Tiny-diff short-circuit (issue #172): when a deep-mode diff has at most 2
changed files (configurable via
shallow_fanout_threshold),
the per-language fan-out collapses to a single combined assignment and the merge
and arbiter stages are skipped. A single-file single-language diff still gets a
per-language Beagle skill; only diffs with two or more distinct language stacks
fall back to the generic reviewer.
Trajectory recording
Every run produces an ATIF v1.6 trajectory capturing prompts, responses, tool calls, and per-step token and cost metrics. The recorder is the sole owner of ATIF Pydantic model construction; other modules import only its public surface.
Each agent invocation (run_agent) opens one Invocation scope on the shared
recorder. Backends emit a unified AgentEvent stream
(daydream/backends/__init__.py)
that the invocation buffers into ATIF Steps. Event types: TextEvent,
ThinkingEvent, ToolStartEvent, ToolResultEvent, CostEvent,
MetricsEvent, TurnEndEvent, and ResultEvent. A TurnEndEvent closes the
open Step, so a multi-turn invocation produces N Steps rather than one collapsed
Step.
Parallel fan-outs fork sibling trajectories under the run directory. Each fork writes a separate trajectory file alongside the parent.
Daydream redacts secrets before writing. Ordered rules cover URL credentials,
PEM private key blocks, secret-bearing environment variable assignments, bare
API keys (sk-, ghp_, ghs_, xoxb-, AKIA), JWTs, and local username paths. The
redactor applies to all four ATIF text surfaces: step messages, reasoning
content, tool call arguments, and observation results. On internal failure, the
redactor degrades to [REDACTION_FAILED] rather than letting the raw value
through.
On SIGINT or SIGTERM, the signal handler
(daydream/cli.py)
flushes a .partial trajectory file with extra.partial set, so interrupted
runs are not lost. The handler uses a module-level recorder stack rather than
the async ContextVar, because signal handlers fire in the main thread outside
the asyncio task context.
Archive
Each run is archived to ~/.daydream/archive/runs/<session_id>/ with its
manifest, trajectory (including forks), review output, evaluation results (when
--eval is set), deep artifacts, and the diff patch. Archiving is non-fatal:
if it fails, the run still completes and the failure is logged.

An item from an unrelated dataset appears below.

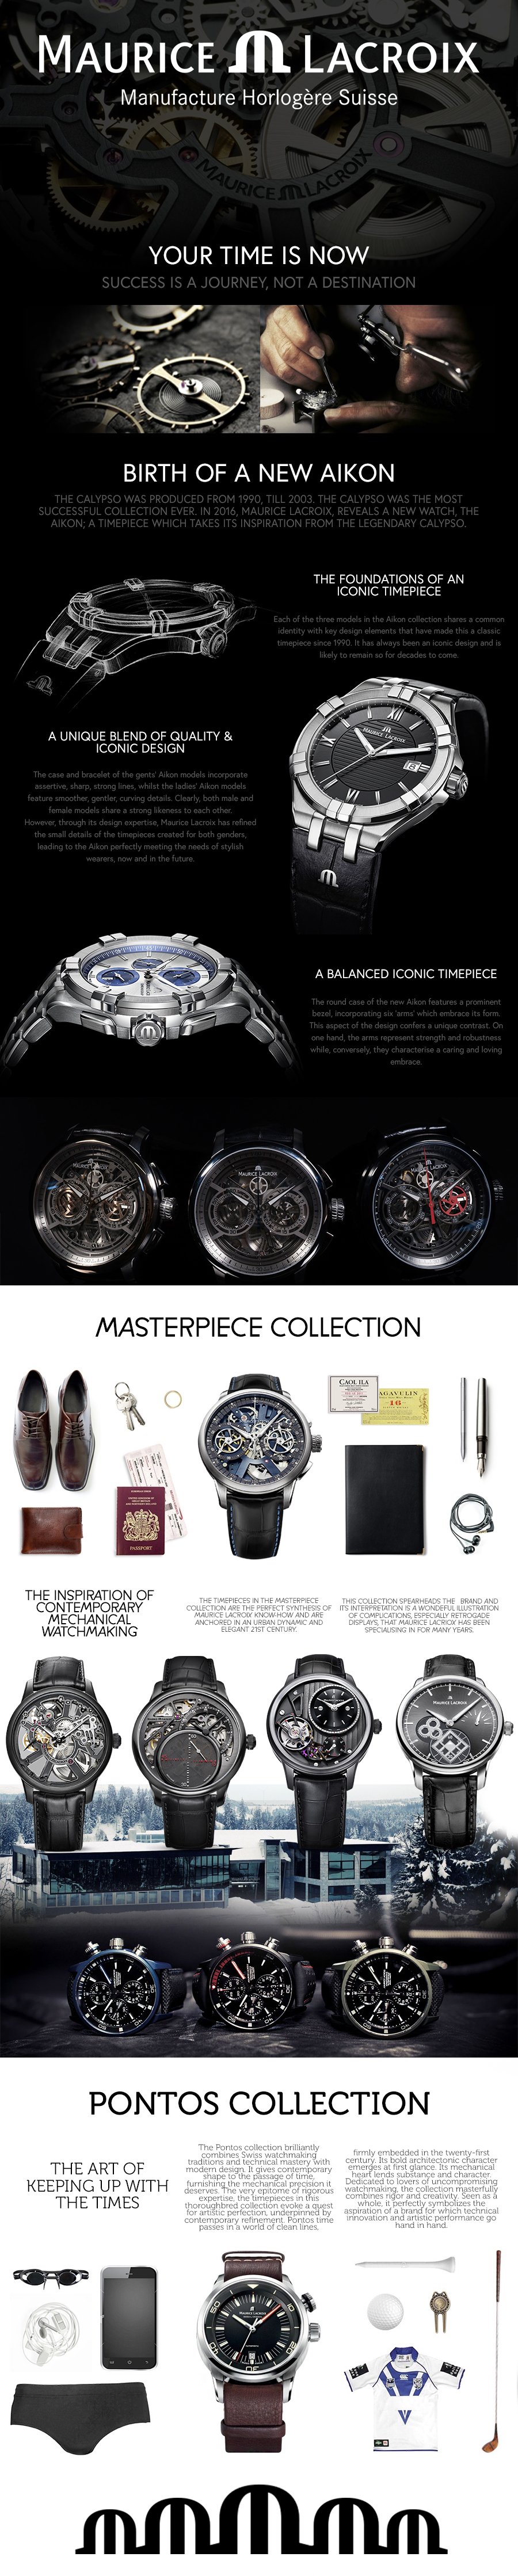 Maurice Lacroix's Collection - First Class Watches Blog

A SQLite index at ~/.daydream/archive/index.db
(daydream/archive/_schema.py)
supports querying across projects. Two tables:
runs: 39 columns includingrepo_slug,backend,total_cost_usd,grounding_rate,outcome_labels,composite_reward,changed_files,head_sha,base_sha, and per-phase backend columns.label_observations: the bitemporal label table. Tracks transaction time (observed_at), valid time (valid_at), evidence SHA, reward version, reward JSON, composite reward, reviewer logins, posterior flag, and source (autoorhuman). Human labels take precedence over automated labels in every projection.
The index runs in WAL mode with a 5-second busy timeout. Five indexes cover
repo_slug, archived_at, outcome_labels, observed_at, and session_id.